Later in that same work, J.I. Packer wrote as follows:

"The proper ground for believing a thing is not that the church or reason says it. Both these authorities may err, and in any case it is not to them that God has told us to go for authoritative indications of his mind. The proper ground for believing a thing is that God says it in his written Word, and a readiness to take God's Word and accept what he asserts in the Bible is thus fundamental to faith. ... Tradition may not be lightly dismissed, but neither may it be made a separate authority apart from Scripture. ... Reason's part is to act as the servant of the written Word, seeking dependence on the Spirit..."

So, the theology and tradition are topics of worthy discussions, but sometimes we fall into missing the forest for the trees. We get so hung up on shaping the Bible and other believers into our paradigms and traditions instead of letting the Bible speak for itself. While we need to be prepared to give a good defense and to grow in depth and knowledge, we must not miss the simple truth in the process. Hearing the simple TRUTH of the Gospel was refreshing that day - no contention among believers (in spite of differences) for it is what unifies us. It is the simple message of the Good News. And the response is just as clear: One either accepts it or rejects it.

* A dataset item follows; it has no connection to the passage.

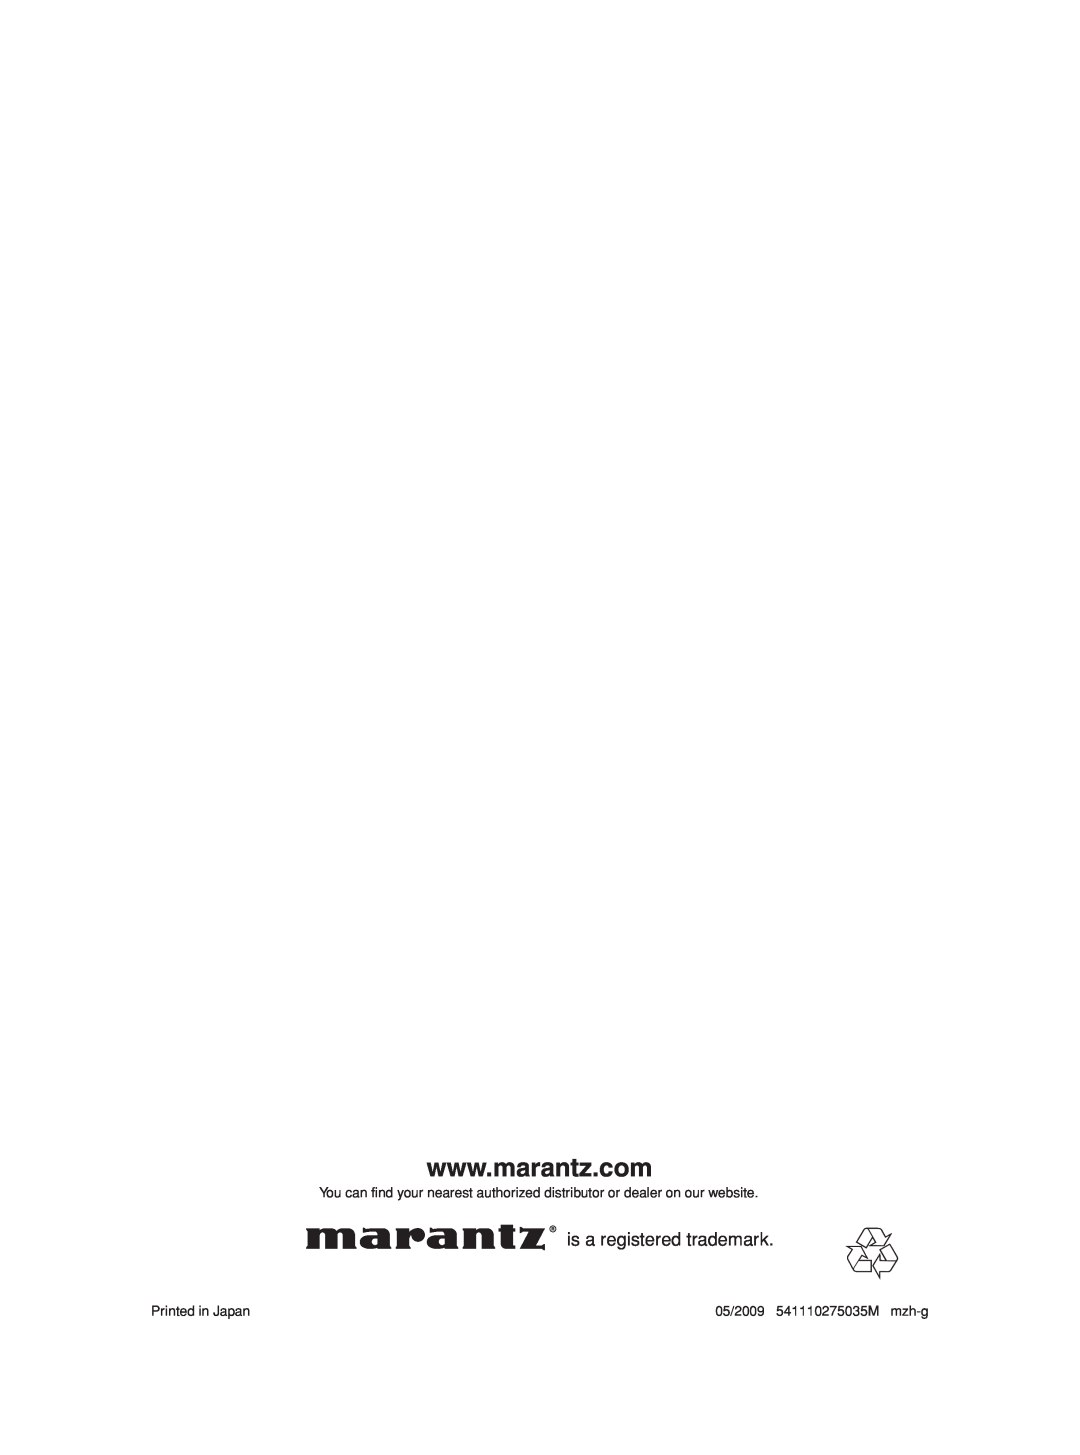 Marantz 541110275035M manual is a registered trademark

The Gospel must be our focus. Otherwise, we will be divided and fail to let them "know we are Christians by our love." As I think about the simple truth of the Gospel being our focus, I cannot help but think of the words written by John C. Maxwell in The 21 Indispensable Qualities of a Leader: Becoming the Person Others Will Want to Follow:

"Experienced animal trainers take a stool with them when they step into a cage with a lion. Why a stool? It tames a lion better than anything--except maybe a tranquilizer gun. When the trainer holds the stool with the legs extended toward the lion's face, the animal tries to focus on all four legs at once. And that paralyzes him. Divided focus always works against you."

Is it working against you? Mike was focused on reaching the lost lovingly with the Gospel. I think Christians in general would do well to ask the questions Mike asks instead of determining whether one is acceptable per our congregations, traditions and paradigms alone. After all, it really all comes down to the simple truth of the Gospel, doesn't it?